The Ann Arbor Film Festival is truly one of the greatest happenings every year, anywhere. 56 years old, it’s still quirky, smart, engaging, offbeat, inspiring, and inventive. It continues to bring together visual thinkers from across the globe, along with our own eclectic like- minded visionaries, all gloriously gathering in style to celebrate experimental film.

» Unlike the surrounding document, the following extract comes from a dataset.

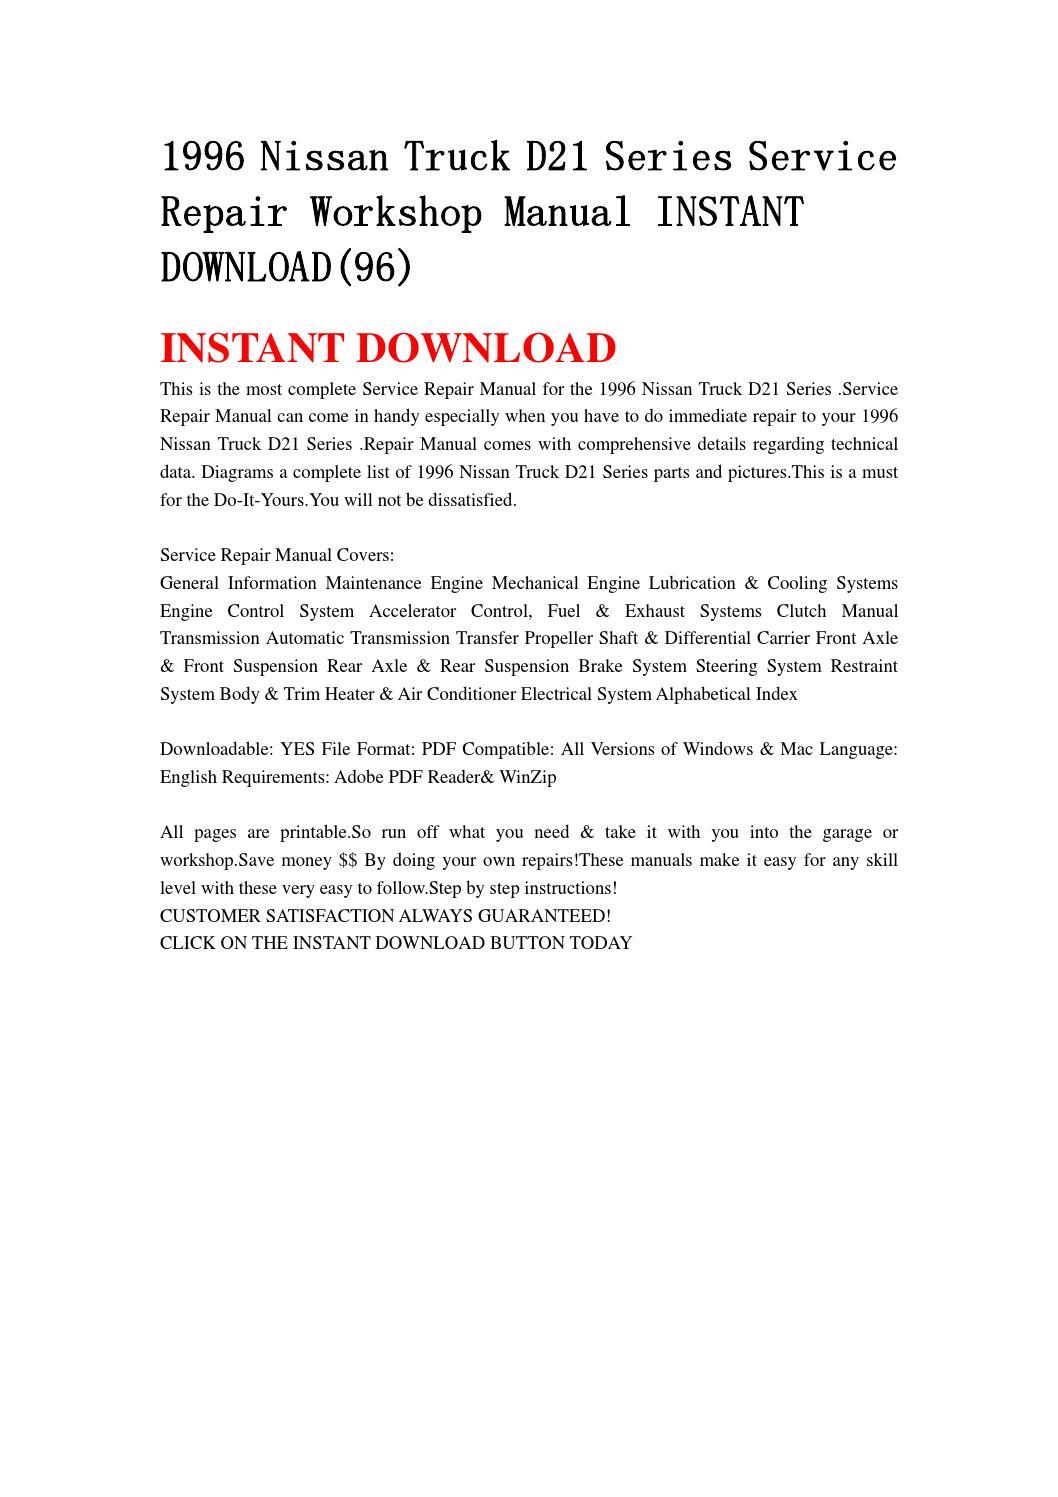 d21 workshop manual

Under the leadership of Director Leslie Raymond and Associate Director of Programs Katie Mc Gowan, the offerings this year surpass expectations in their relevance, and innovation. In addition to the sublime  experience of viewing so many wonderful films in competition, and attending all of the celebrations and goings on during the week, the festival offers special new programs this year well worth citing: Memories of Disintegrations: Ibero-American Experimental Film, explores Spanish and Portuguese-language films on Video8, Super *, 16mm, Super 35mm, and VHS.  Black Radical Imagination showcases films that explore racial identities beyond the restrictive boundaries and limitations often prescribed to people of color. These challenging programs extend our understanding and reach, and are representative of the bold spirit of this long running avant-garde festival. Also note a special screening of The Big House, a documentary about our own grand stadium and the labor behind the scenes that goes into the sports spectacle…from cooks to snipers. Also this year, don’t miss multi-media works Off the screen in venues across town—among them Lily Baldwin and Peter Rose// Room 2435 North Quad UM,  Razan AlSalah and Radical Democracy//Ann Arbor Art Center; and Matt Wilken// Arbor Brewing Company.

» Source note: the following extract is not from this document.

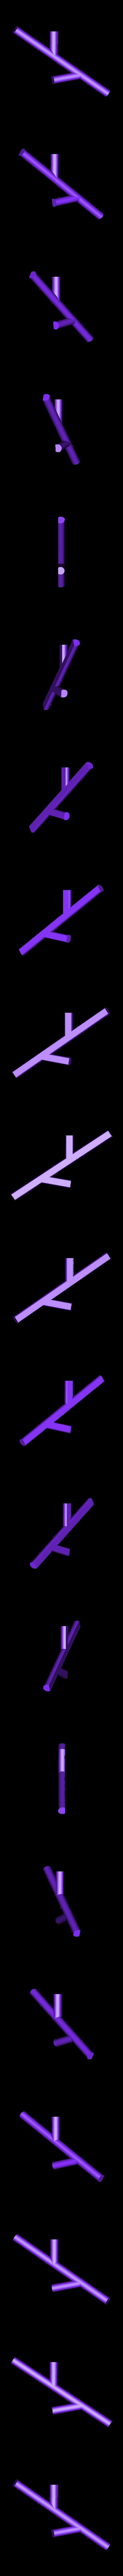 Left_Arm.stl Download free STL file Snowman Ornament • 3D printing design, Desktop_Makes

TALK: Simone Brown + Danielle Dean in Conversation
March 29, 7 pm
MOCAD, Detroit

Sociologist Simone Browne’s acclaimed book Dark Matters: On Surveillance of Blackness examines surveillance in relation to the history of transatlantic slavery and its afterlives. These themes informed in part by Browne’s research are central to Danielle Dean’s multimedia installation TrueRedRuin on view at MOCAD. This conversation between them explores the different ways that scholarship and artistic practice can overlap, dovetail, igniting critical dialogs and raising social consciousness in the process.

Exercising the Eye: The Gertrude Kasle Collection
March 10-July 22,
Alfred Taubman Gallery, UMMA, Ann Arbor

This lyrical exhibition celebrates Gertrude Kasle (1917-2016), who was a key figure in the formation of Detroit’s contemporary art community in the 1960’s and 70’s. Like other strong minded maverick women of her generation in the arts, she wanted to provide her Midwestern community with a venue in which to experience cutting edge art from centers like NYC. Yet, she also wanted to support and exhibit regional artists, so that the work of both groups could be included in that visual and critical conversation. This surprising and disarming show, which includes the work of Phillip Guston, Jane Hammond, Robert Rauchenberg, Jasper Johns, among others, captures the particular tenor of that era…the imagination, the drive of the gallerist, and the exciting way artists were connected in their inquiries. Don’t miss the incredible paintings by Grace Hartigan, with superb color and gesture that are as fresh today as in 1974. And make sure to take home a vintage poster from the original shows produced by the Kasle Gallery, which you can purchase in the gift store for a song. Now that’s a great day.

Romare Bearden
N’NAMDI center for contemporary art, Detroit

This exhibition offers an opportunity to see the works of acclaimed artist Romare Bearden, whose collages and paintings are iconic. He has influenced so many young artists who came after in regards to story, directness, use of color, and deliberateness of stroke and design. Bearden was a multidisciplinary artist ahead of the curve, interested in the intersection, influence and overlay of music, visual art, history, performance, literature, and culture. Above all, he was a humanist, genuine in his passion for the world and those in it, past, present and future tied together like a daisy chain.